Dataset records section start

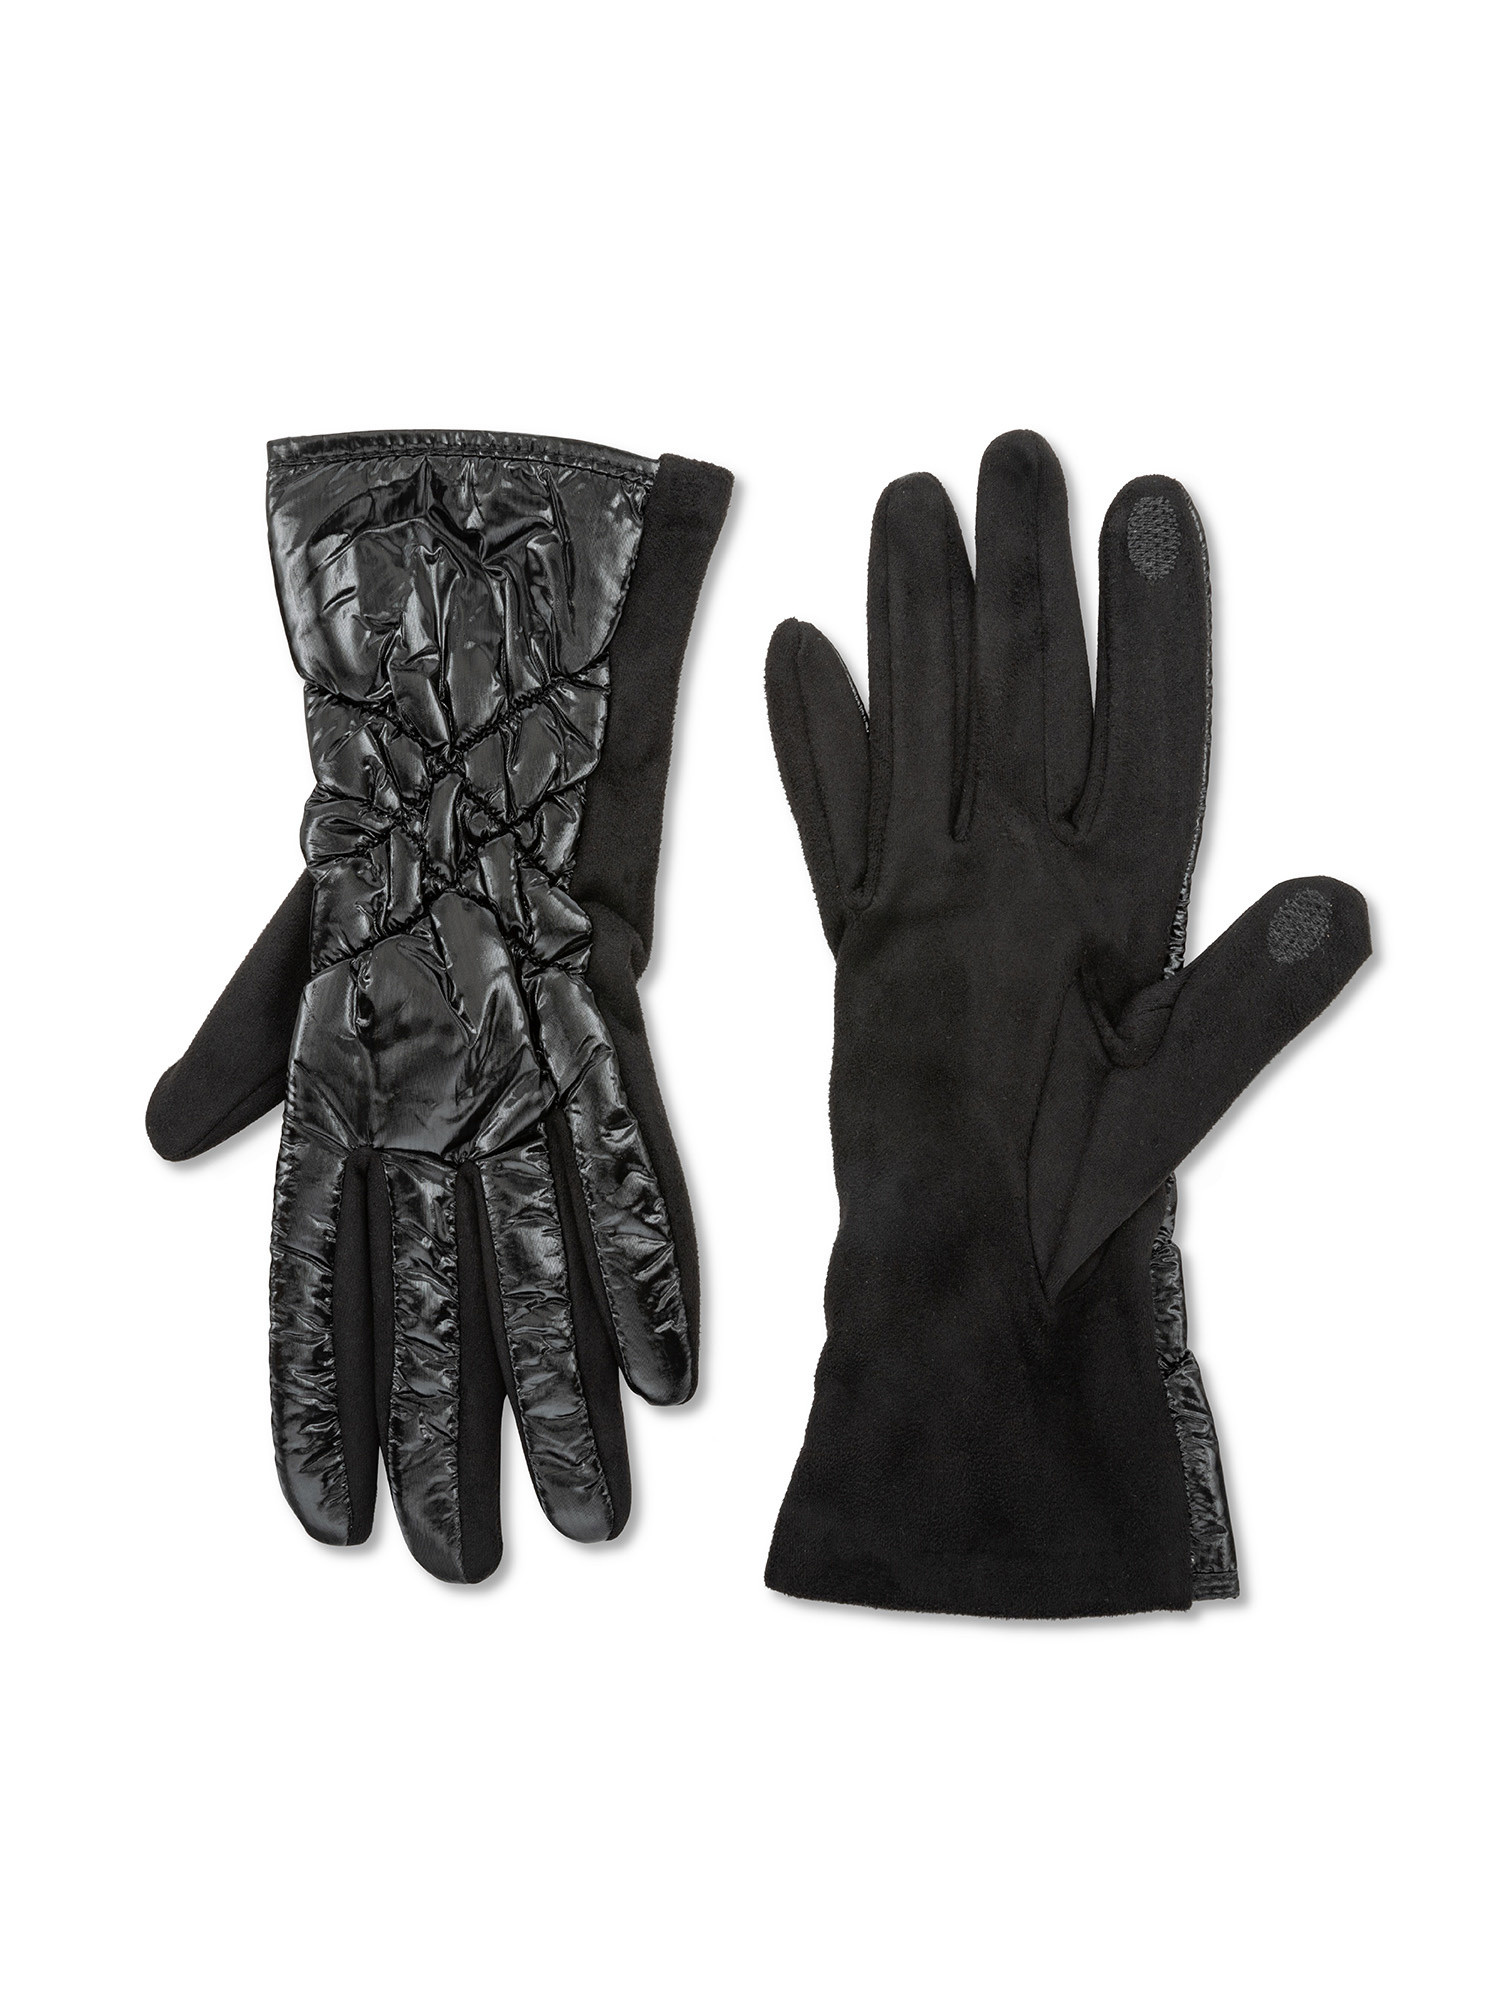 Koan - Quilted gloves, Black, large image number 0
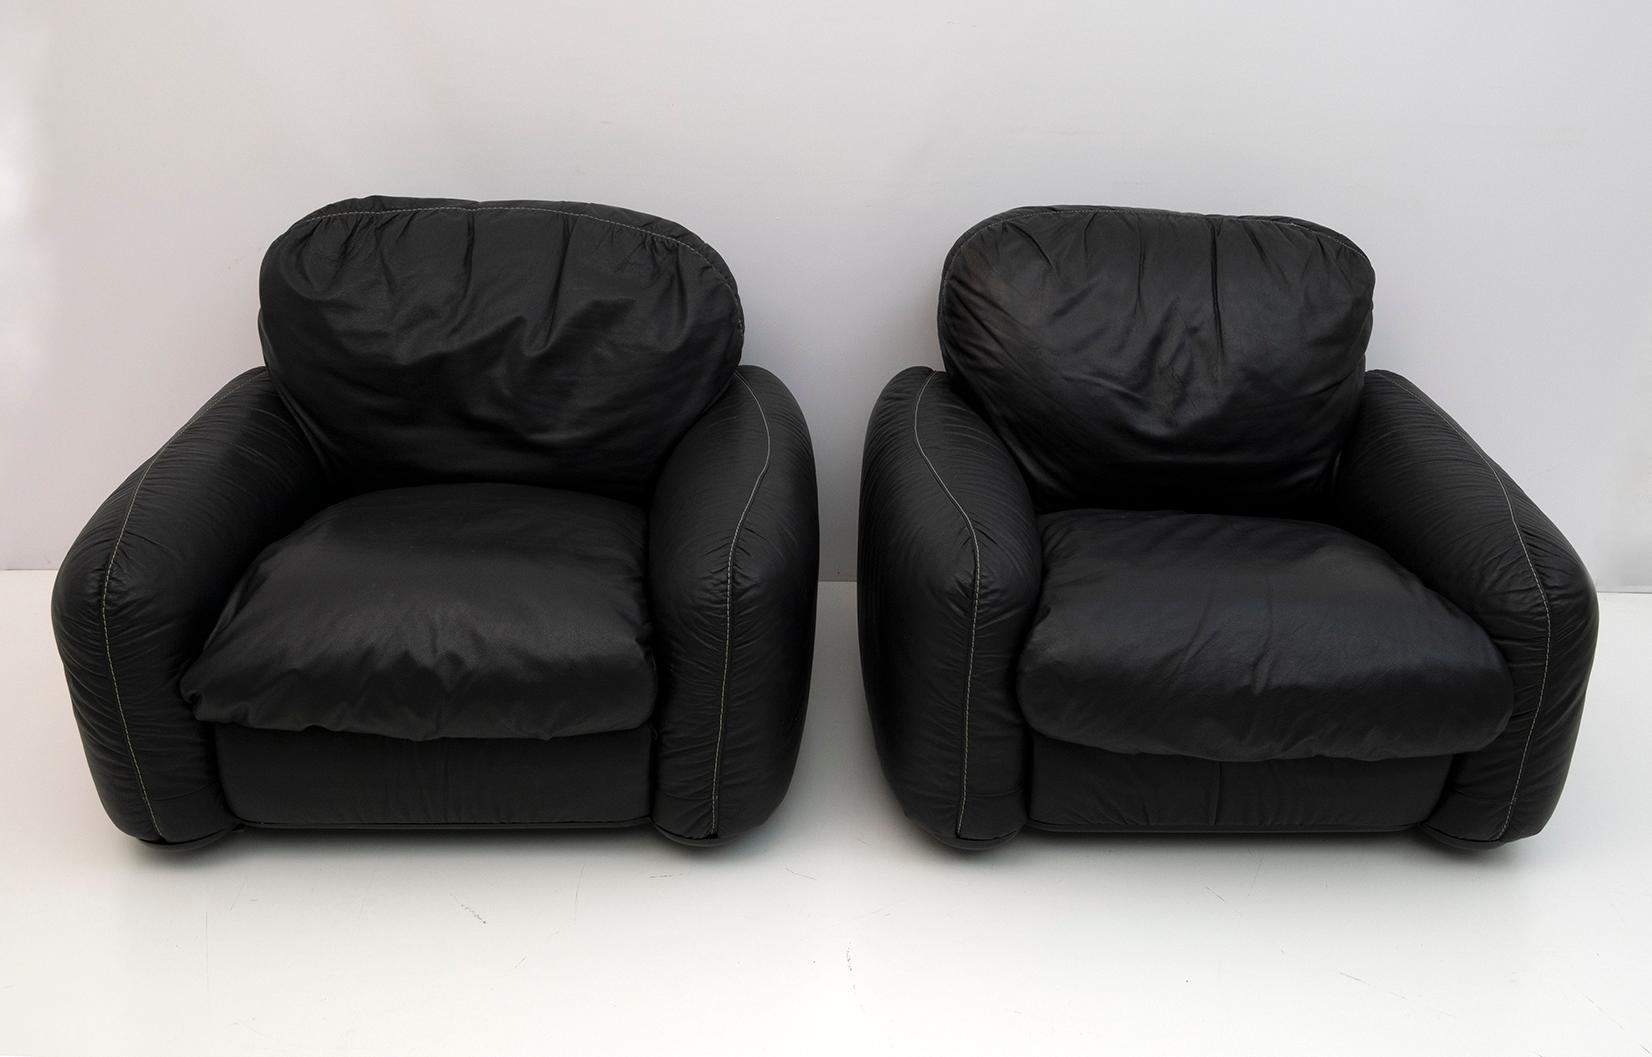 Ein Paar Piumotto-Sessel von Arrigo Arrigoni für Busnelli aus den 1970er Jahren.
Polsterung aus echtem schwarzem Leder.
Füße aus Kunststoff.
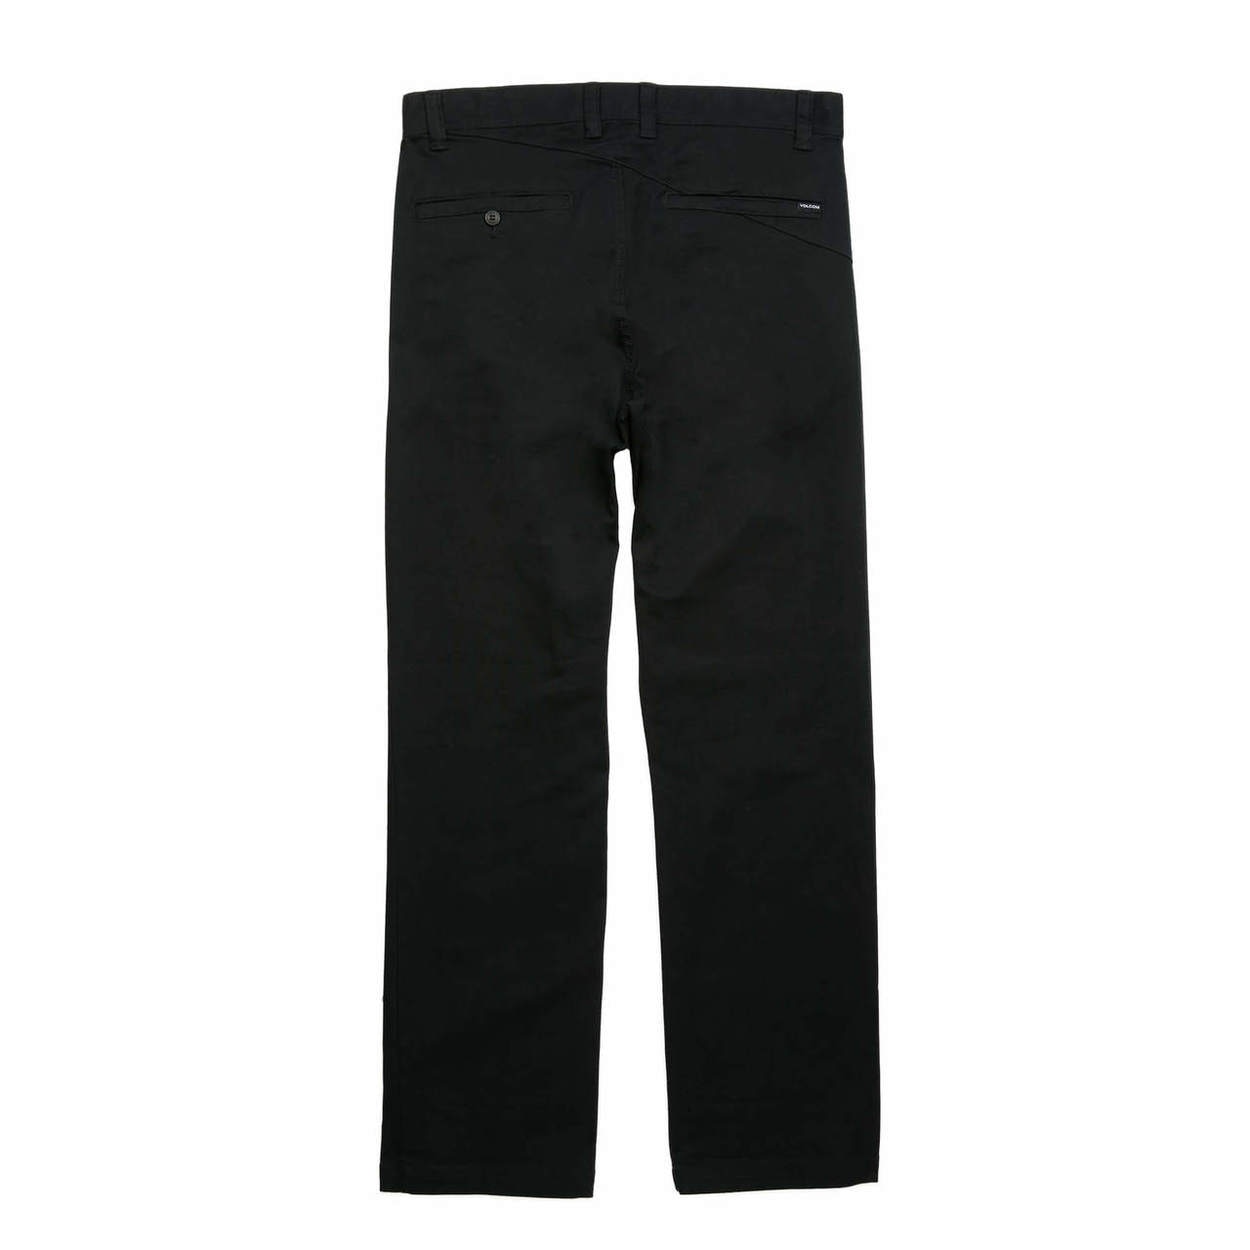 Volcom Frickin Regular Chino Pants - Black
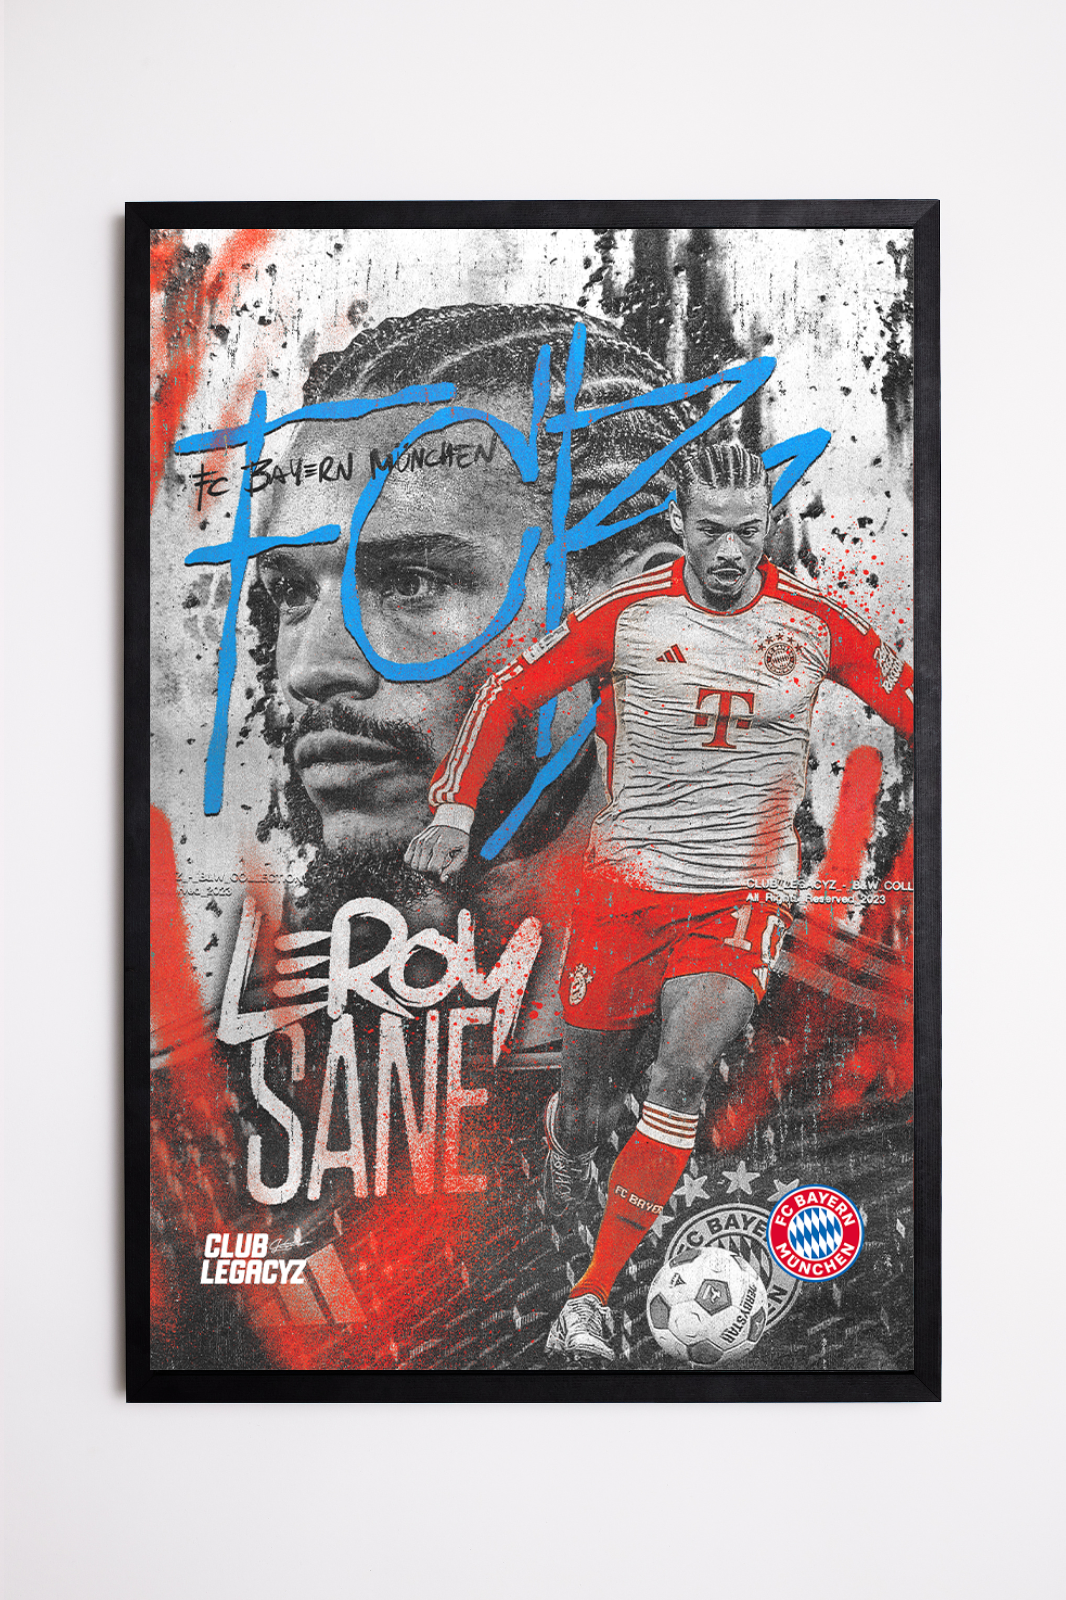 FC Bayern München - Leroy Sané Black & White Poster limited to 100

Dataset records section end

> _Try it_
Your answer must be an exact copy of the listing, minus its pictures.

> _Finished exercise_
 Koan - Quilted gloves, Black, large image number 0
 Ein Paar Piumotto-Sessel von Arrigo Arrigoni für Busnelli aus den 1970er Jahren.
Polsterung aus echtem schwarzem Leder.
Füße aus Kunststoff.
 Volcom Frickin Regular Chino Pants - Black
 FC Bayern München - Leroy Sané Black & White Poster limited to 100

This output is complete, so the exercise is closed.